*Provided material:*

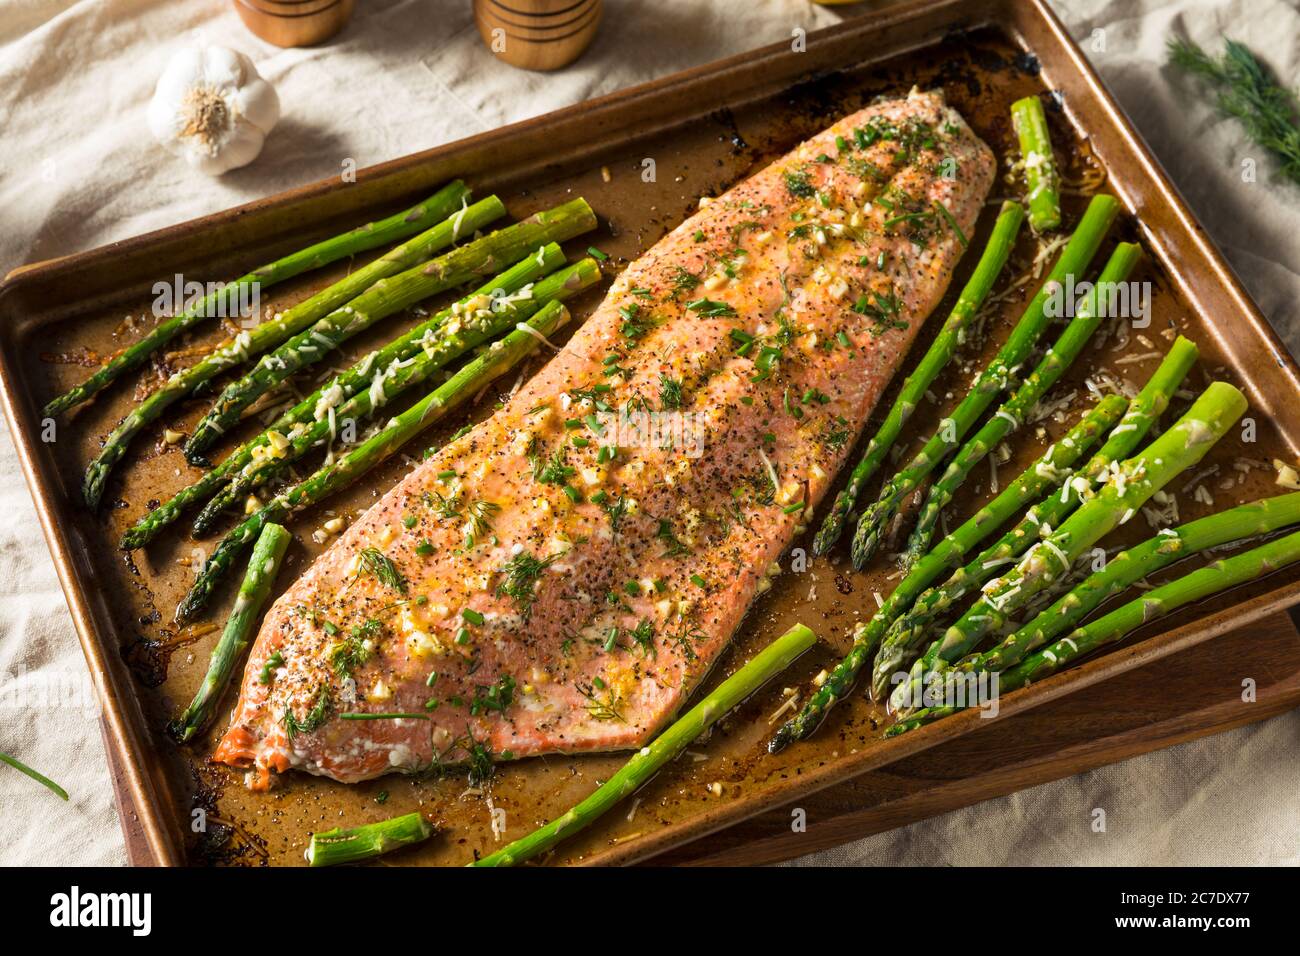 Homemade Roasted Salmon Filet and Asparagus with Garlic and Dill Stock Photo
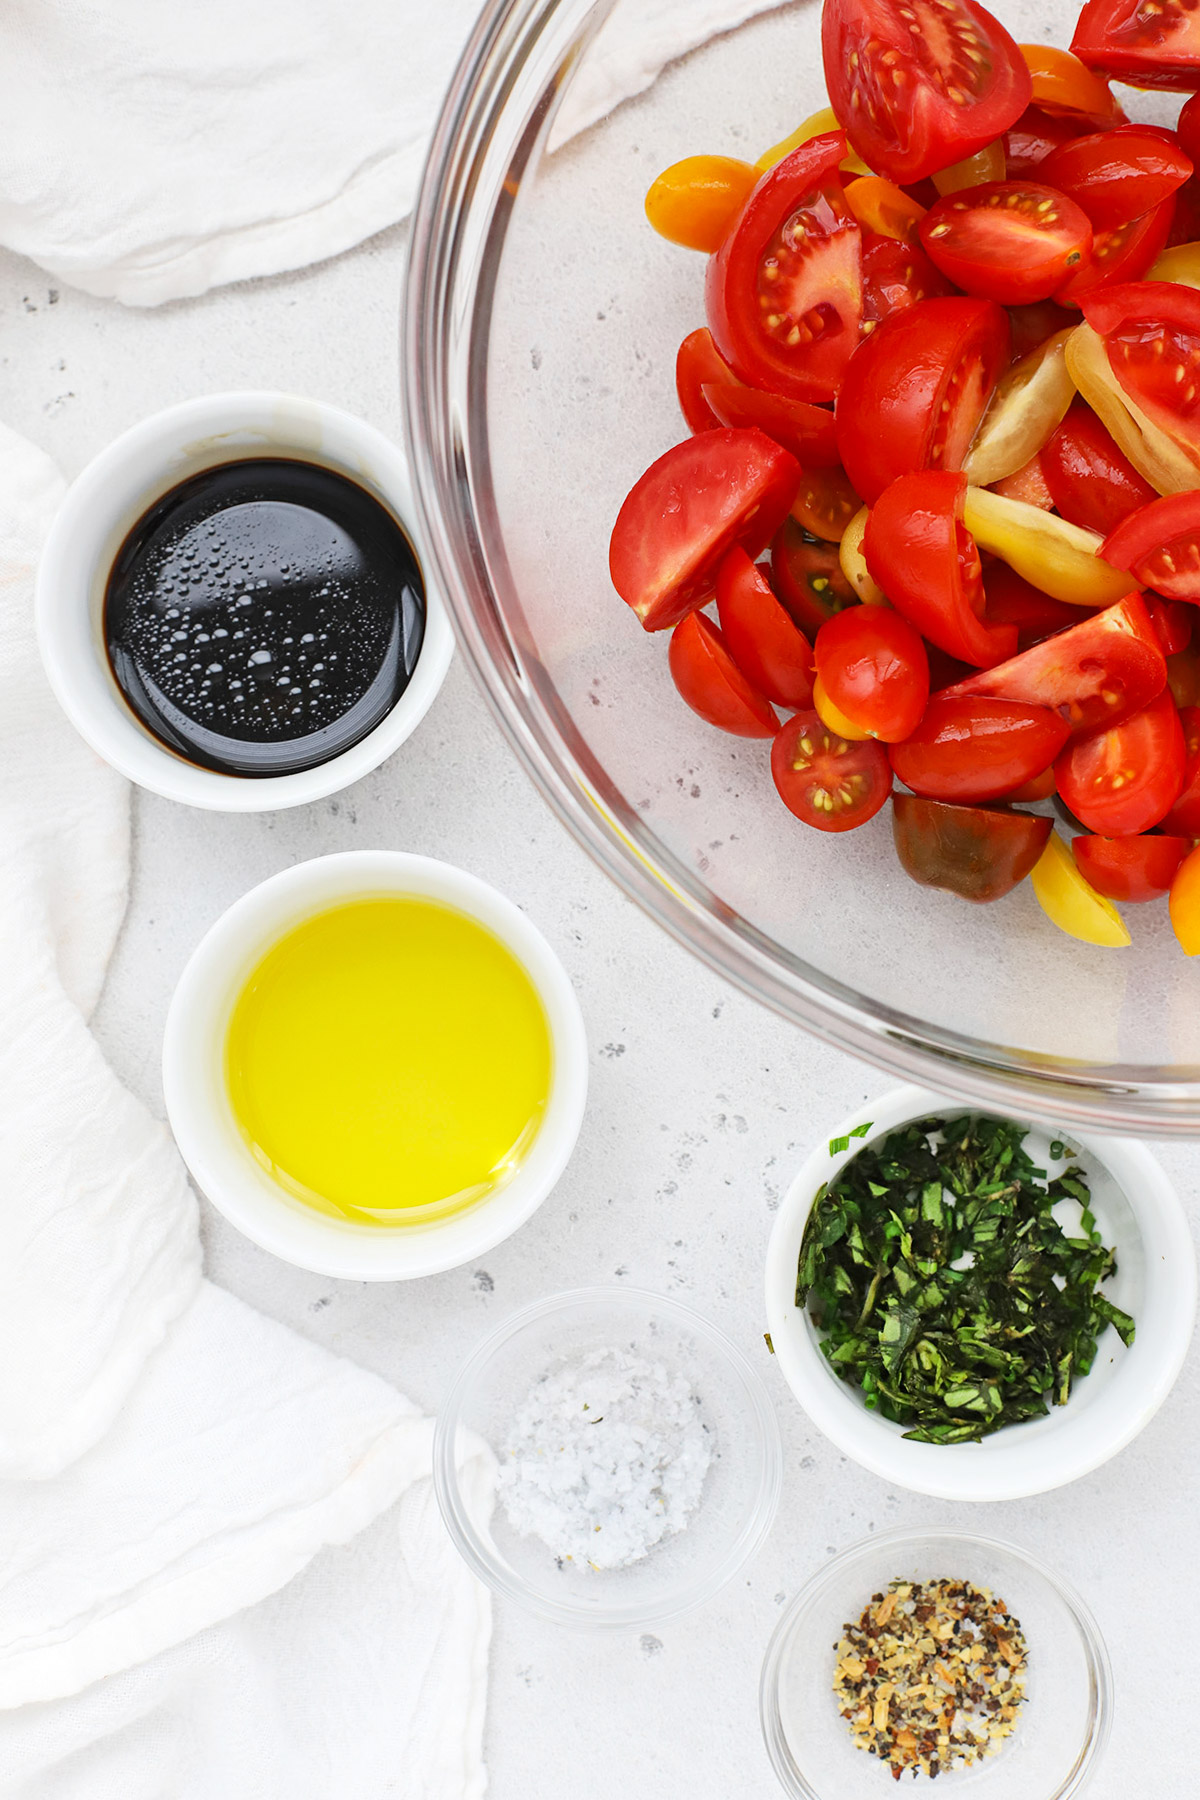 Ingredients for balsamic marinated tomato salad
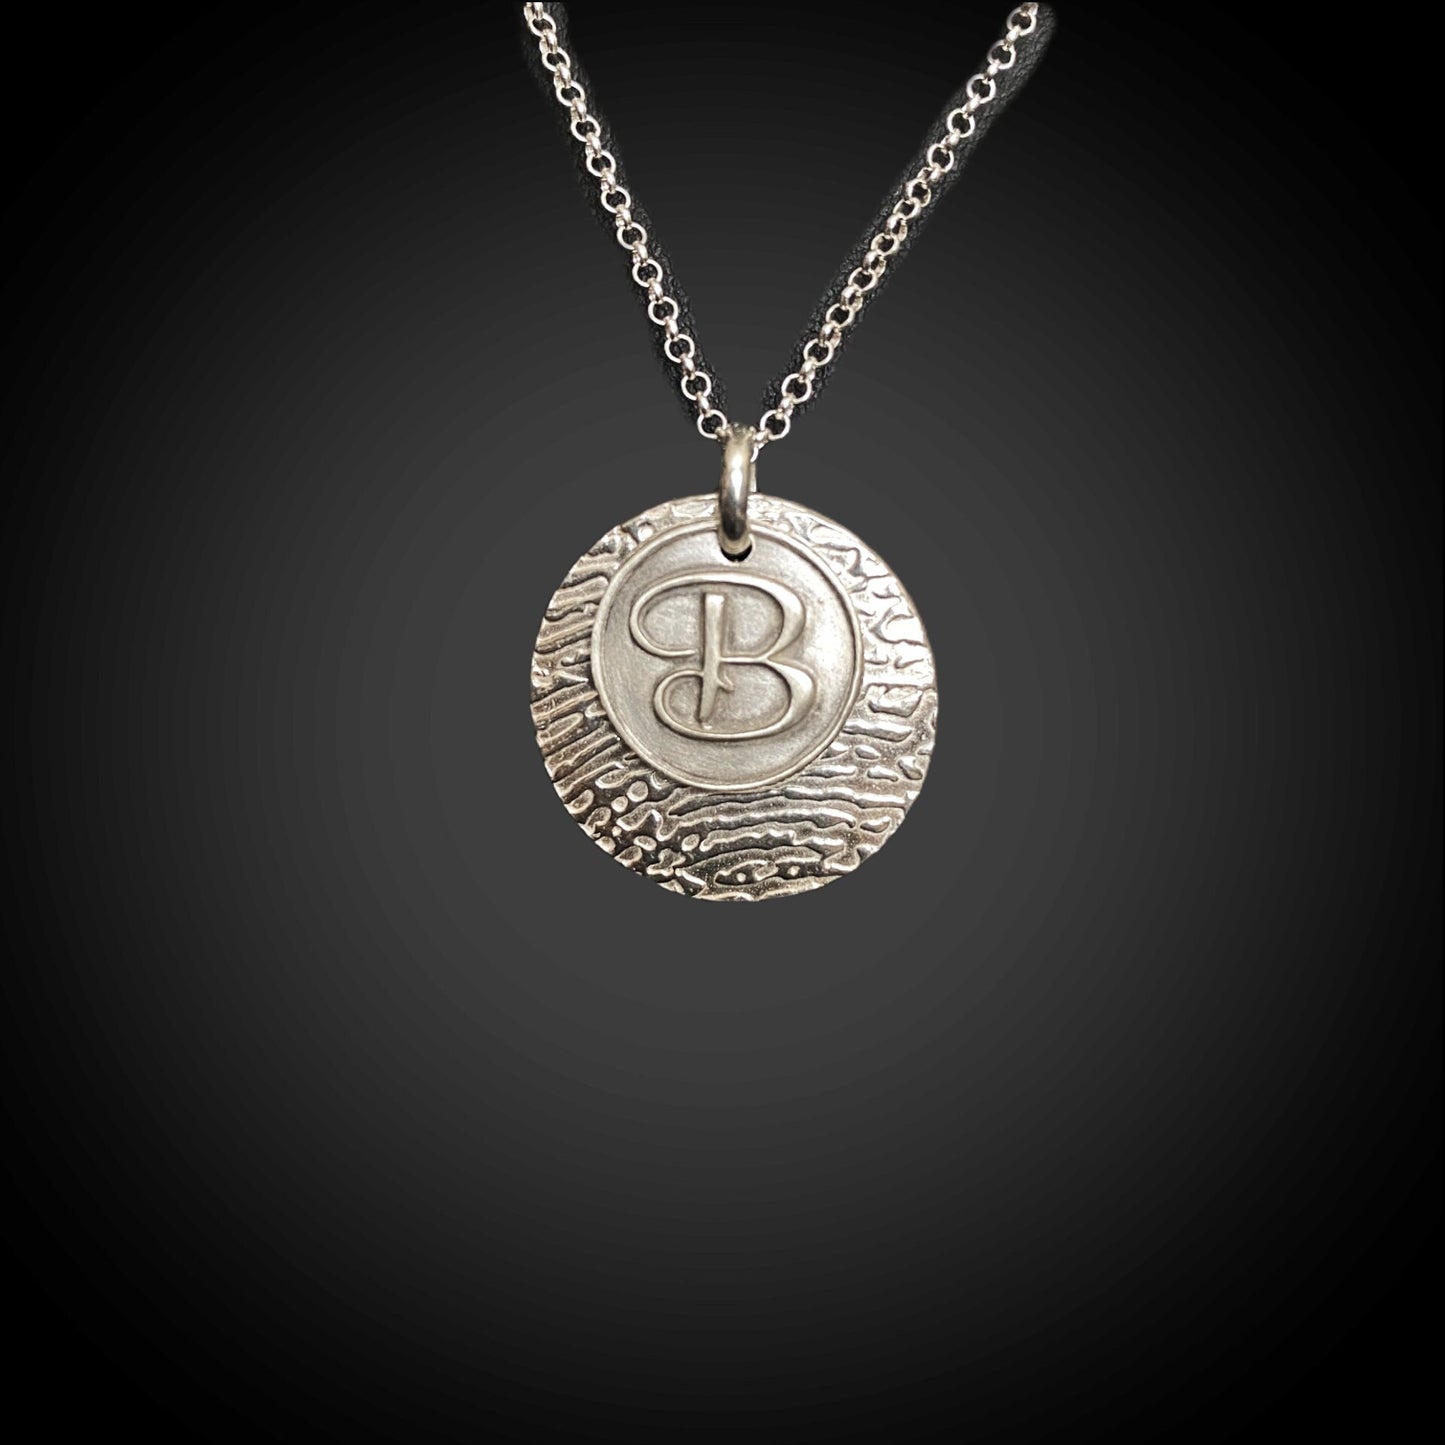 Fingerprint Necklace with Initial Charm

*Problem requirements:*
Set down the whole listing exactly as given, except for the pictures.

*Solution to the problem:*
 Homemade Roasted Salmon Filet and Asparagus with Garlic and Dill Stock Photo
 Ingredients for balsamic marinated tomato salad
 Fingerprint Necklace with Initial Charm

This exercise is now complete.